DATA SHOWN >>
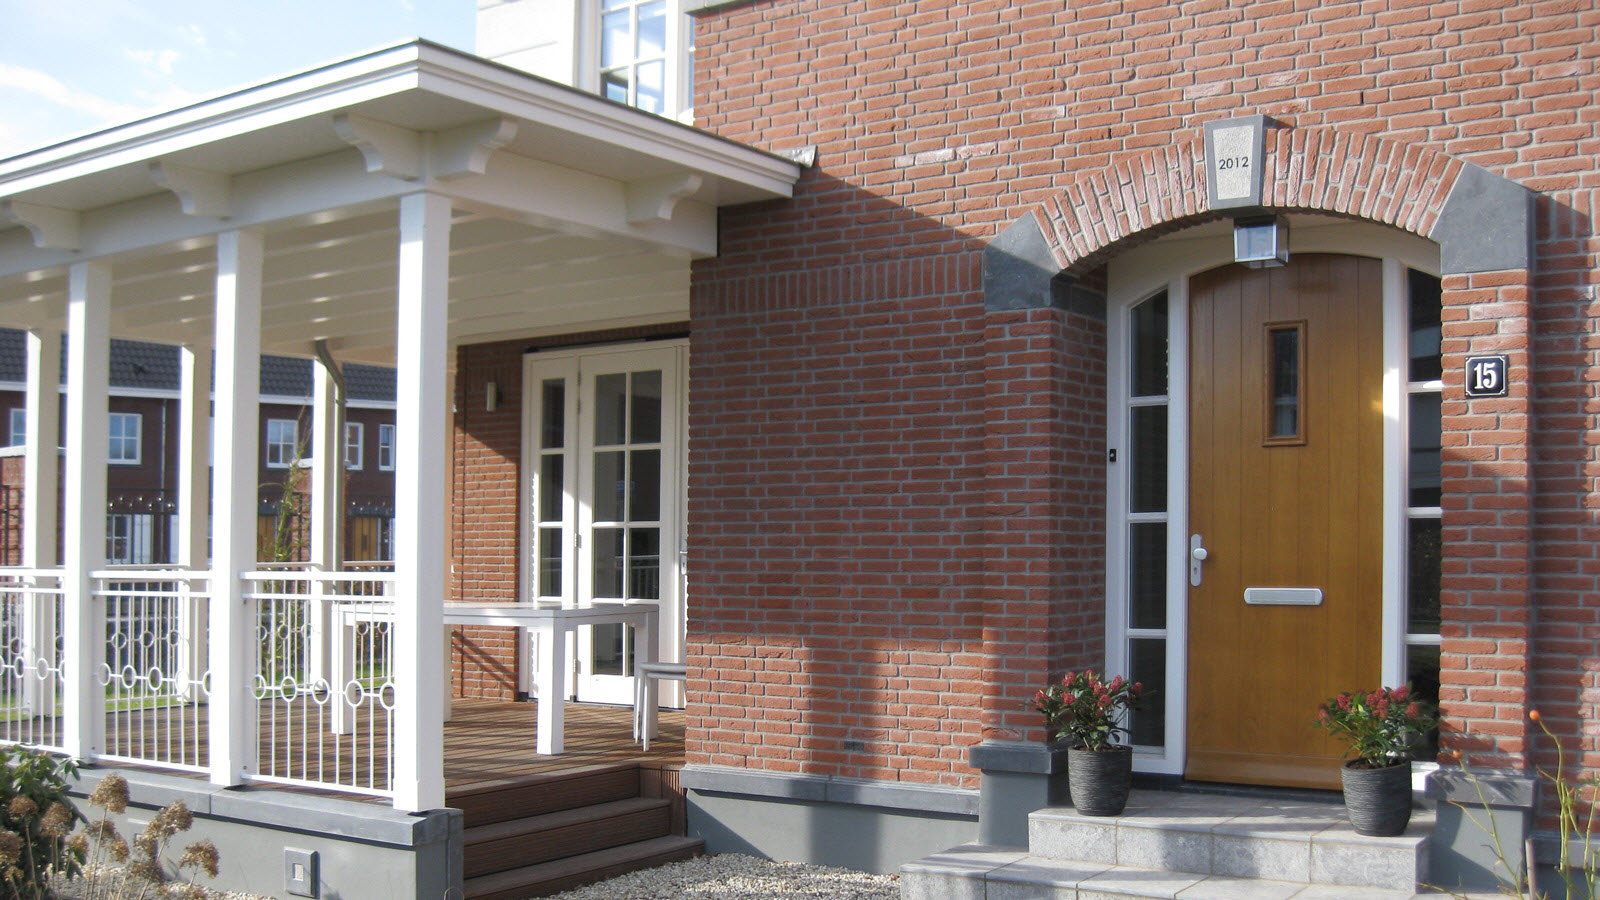 Parkhagen Sint Michielsgestel (3)
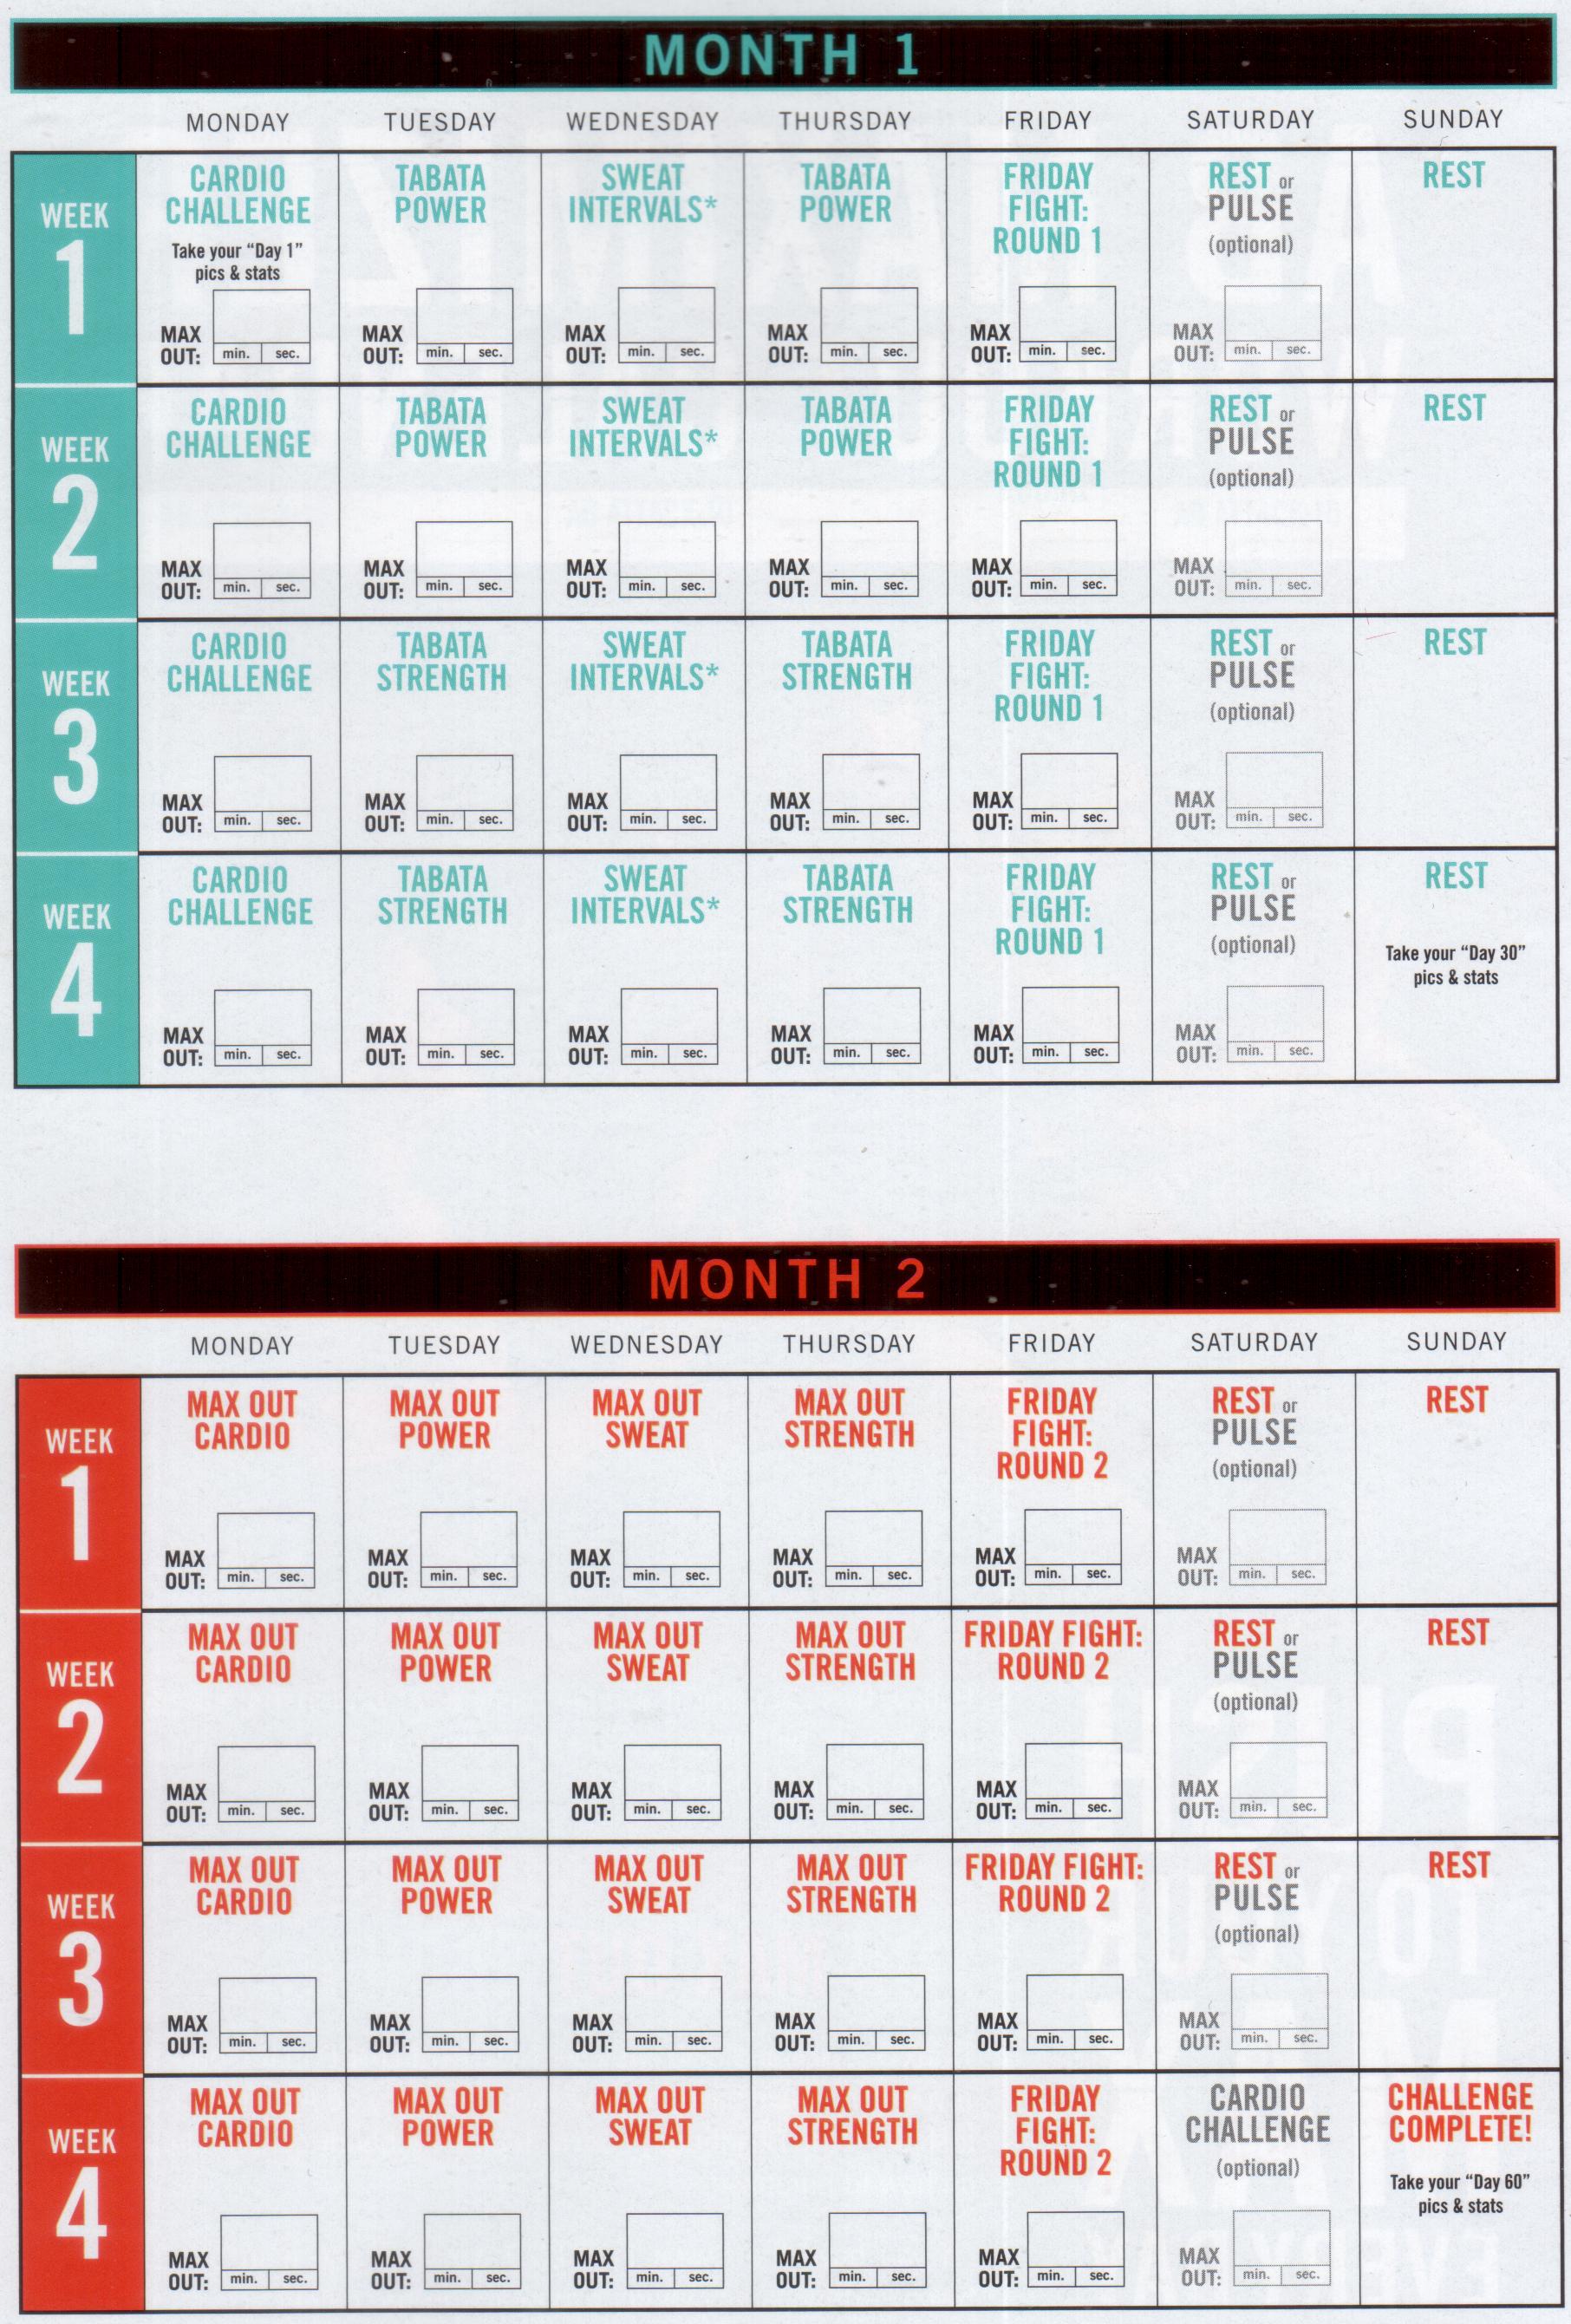 Schedule | Insanity Max 30, Insanity Max 30 Schedule in Insanity Calendar Pdf
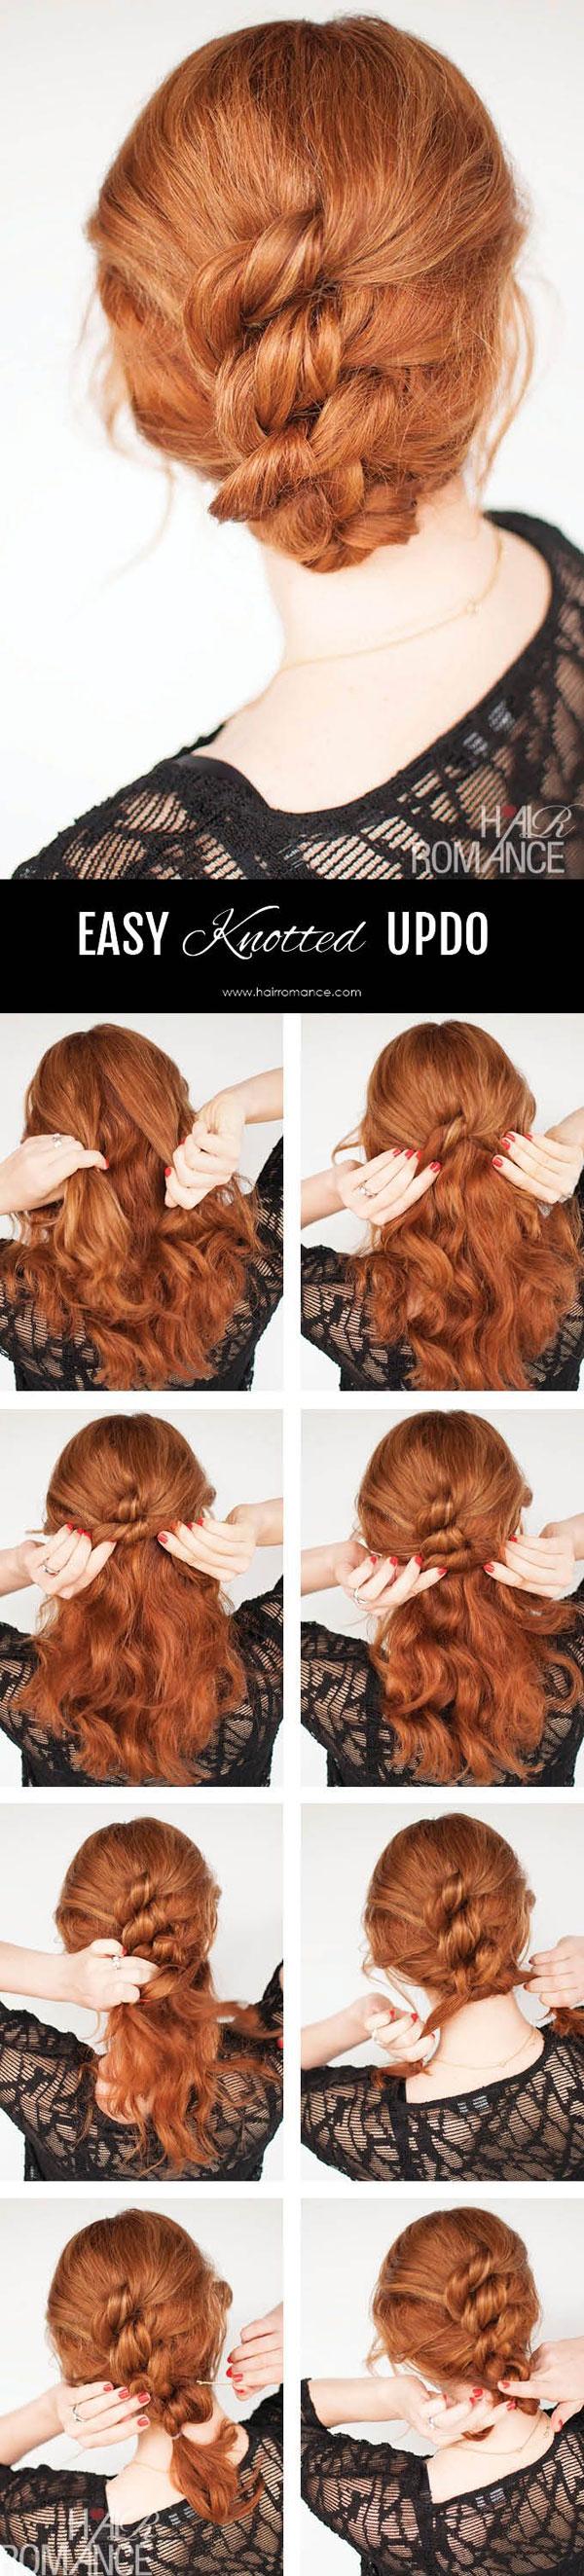 easy hairstyle tutorials for long hair longhair

DIRECTIONS FOR THIS TASK >> An exact restatement is expected of the lines from the line containing "Schedule | Insanity" to the end of the data above, pictures excluded.

SOLUTION >>
 Schedule | Insanity Max 30, Insanity Max 30 Schedule in Insanity Calendar Pdf
 easy hairstyle tutorials for long hair longhair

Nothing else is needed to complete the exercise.